Archive

Tag Archives: Processing

When QGIS 3.0 was release, I published a Processing script template for QGIS3. While the script template is nicely pythonic, it’s also pretty long and daunting for non-programmers. This fact didn’t go unnoticed and Nathan Woodrow in particular started to work on a QGIS enhancement proposal to improve the situation and make writing Processing scripts easier, while – at the same time – keeping in line with common Python styles.

While the previous template had 57 lines of code, the new template only has 26 lines – 50% less code, same functionality! (Actually, this template provides more functionality since it also tracks progress and ensures that the algorithm can be cancelled.)

from qgis.processing import alg
from qgis.core import QgsFeature, QgsFeatureSink

@alg(name="ex_new", label=alg.tr("Example script (new style)"), group="examplescripts", group_label=alg.tr("Example Scripts"))
@alg.input(type=alg.SOURCE, name="INPUT", label="Input layer")
@alg.input(type=alg.SINK, name="OUTPUT", label="Output layer")
def testalg(instance, parameters, context, feedback, inputs):
    """
    Description goes here. (Don't delete this! Removing this comment will cause errors.)
    """
    source = instance.parameterAsSource(parameters, "INPUT", context)

    (sink, dest_id) = instance.parameterAsSink(
        parameters, "OUTPUT", context,
        source.fields(), source.wkbType(), source.sourceCrs())

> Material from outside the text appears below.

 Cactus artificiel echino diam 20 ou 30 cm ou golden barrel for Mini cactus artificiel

    total = 100.0 / source.featureCount() if source.featureCount() else 0
    features = source.getFeatures()
    for current, feature in enumerate(features):
        if feedback.isCanceled():
            break
        out_feature = QgsFeature(feature)
        sink.addFeature(out_feature, QgsFeatureSink.FastInsert)
        feedback.setProgress(int(current * total))

    return {"OUTPUT": dest_id}

The key improvement are the new decorators that turn an ordinary function (such as testalg in the template) into a Processing algorithm. Decorators start with @ and are written above a function definition. The @alg decorator declares that the following function is a Processing algorithm, defines its name and assigns it to an algorithm group. The @alg.input decorator creates an input parameter for the algorithm. Similarly, there is a @alg.output decorator for output parameters.

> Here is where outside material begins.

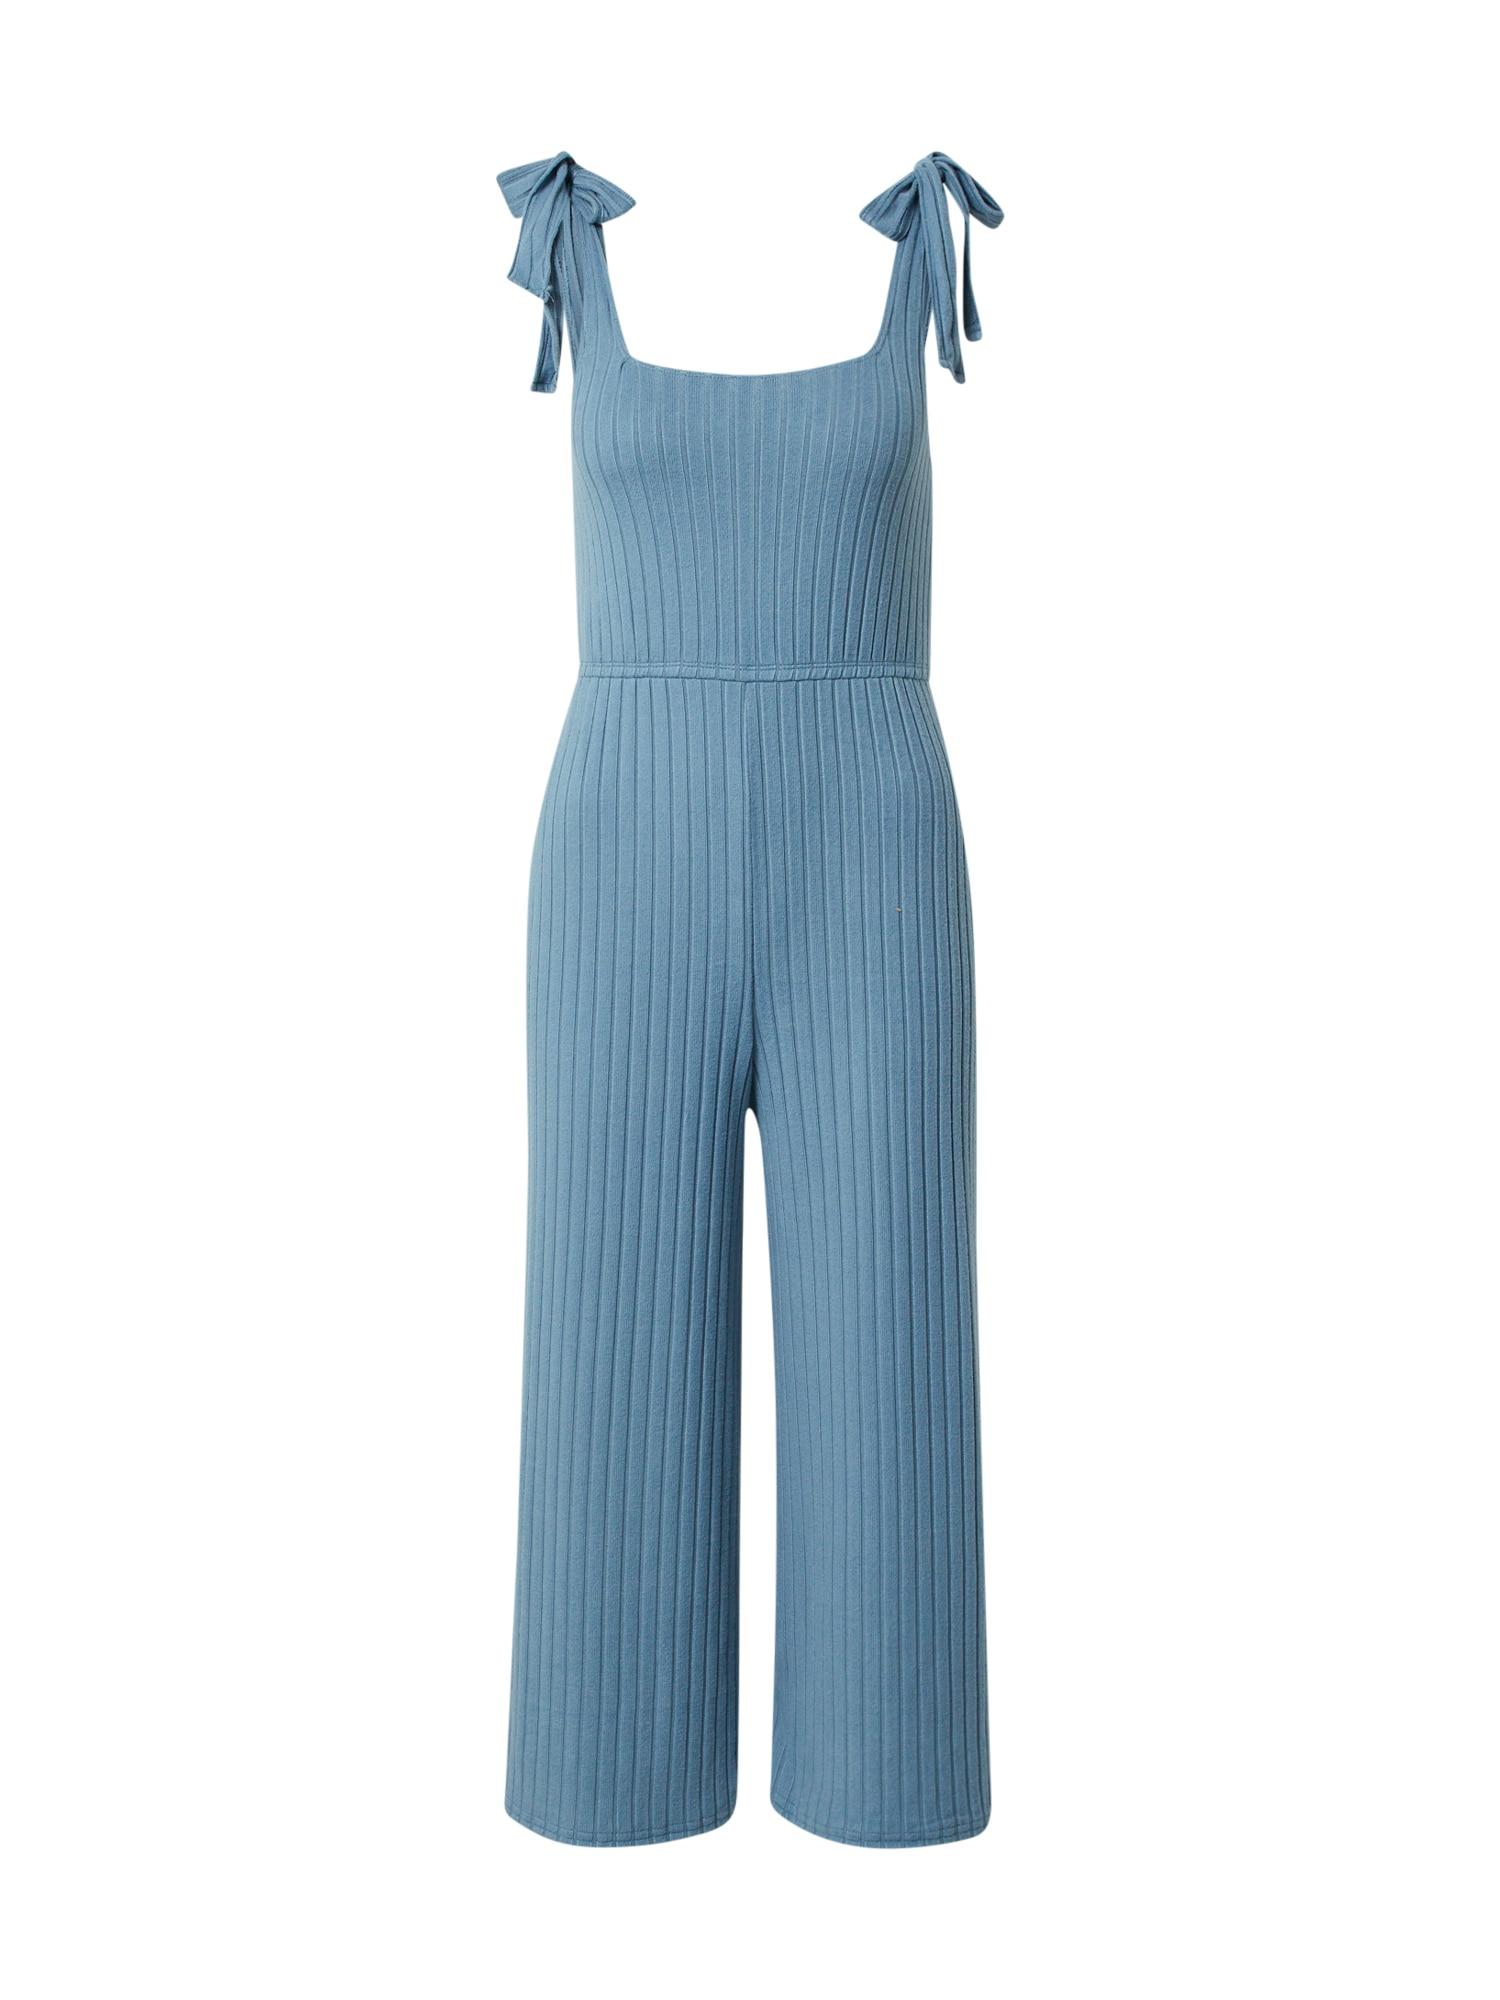 Gilly Hicks Vienos dalies kostiumas mėlyna dūmų spalva
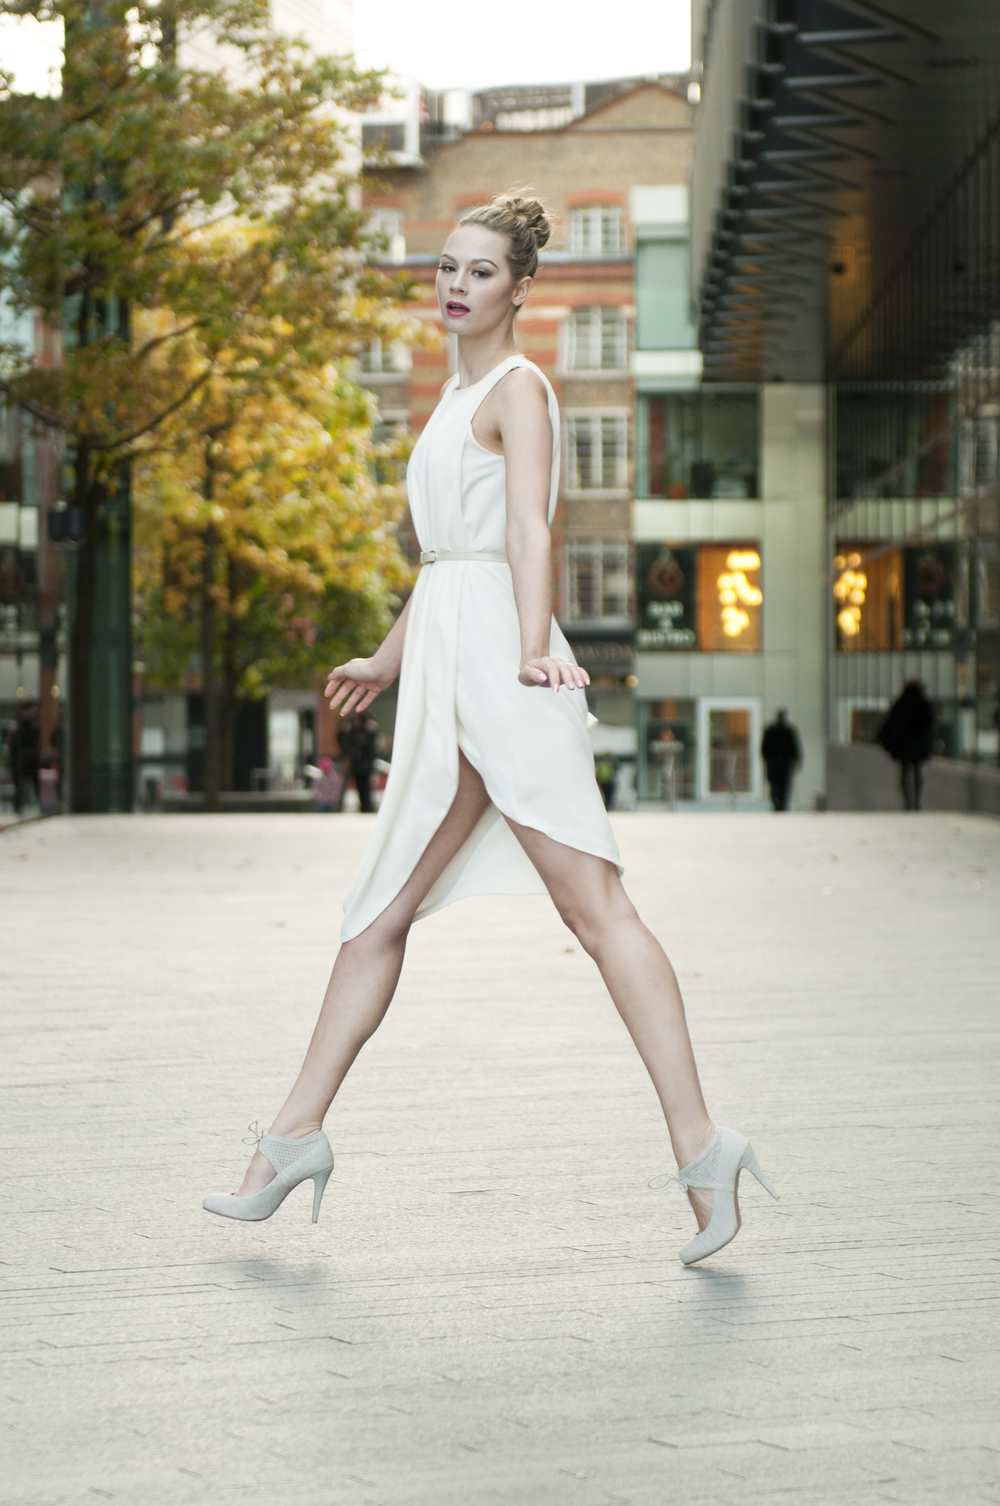 Isabel-wong-rose-white-georgette-memorie-dress-spring-summer-campaign.jpg

For a longer example script, check out the original QGIS enhancement proposal thread!

For now, this new way of writing Processing scripts is only supported by QGIS 3.6 but there are plans to back-port this improvement to 3.4 once it is more mature. So give it a try and report back!

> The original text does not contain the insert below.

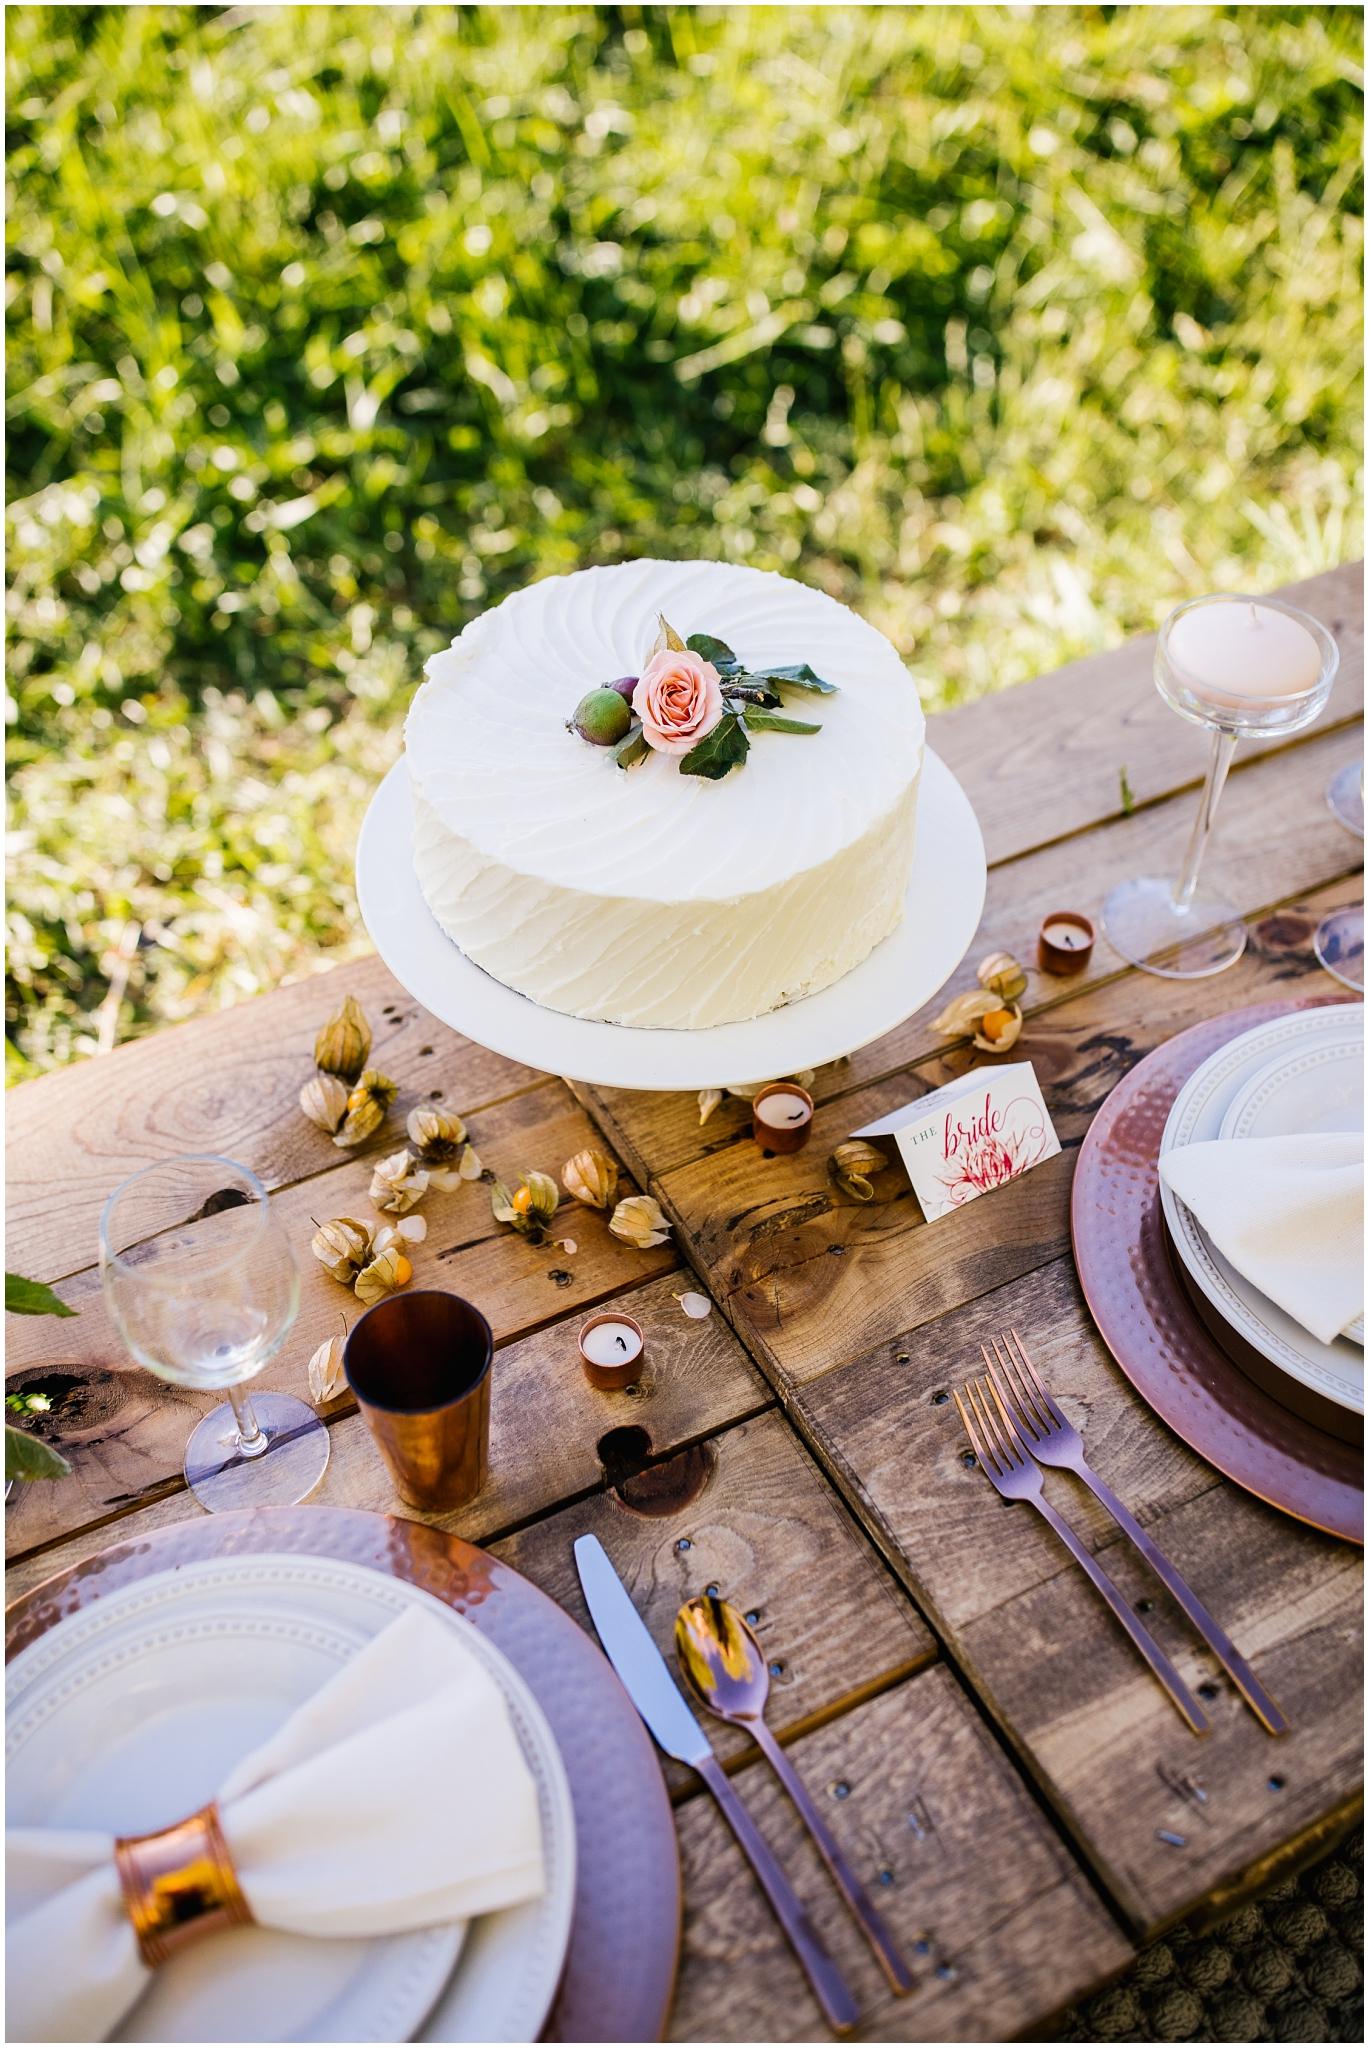 LakeShoot-5_Lizzie-B-Imagery-Utah-Wedding-Photographer-Salt-Lake-City-Park-City-Oakley.jpg

In Movement data in GIS #16, I presented a new way to deal with trajectory data using GeoPandas and how to load the trajectory GeoDataframes as a QGIS layer. Following up on this initial experiment, I’ve now implemented a first version of an algorithm that performs a spatial analysis on my GeoPandas trajectories.

The first spatial analysis algorithm I’ve implemented is Clip trajectories by extent. Implementing this algorithm revealed a couple of pitfalls:

  • To achieve correct results, we need to compute spatial intersections between linear trajectory segments and the extent. Therefore, we need to convert our point GeoDataframe to a line GeoDataframe.
  • Based on the spatial intersection, we need to take care of computing the corresponding timestamps of the events when trajectories enter or leave the extent.
  • A trajectory can intersect the extent multiple times. Therefore, we cannot simply use the global minimum and maximum timestamp of intersecting segments.
  • GeoPandas provides spatial intersection functionality but if the trajectory contains consecutive rows without location change, these will result in zero length lines and those cause an empty intersection result.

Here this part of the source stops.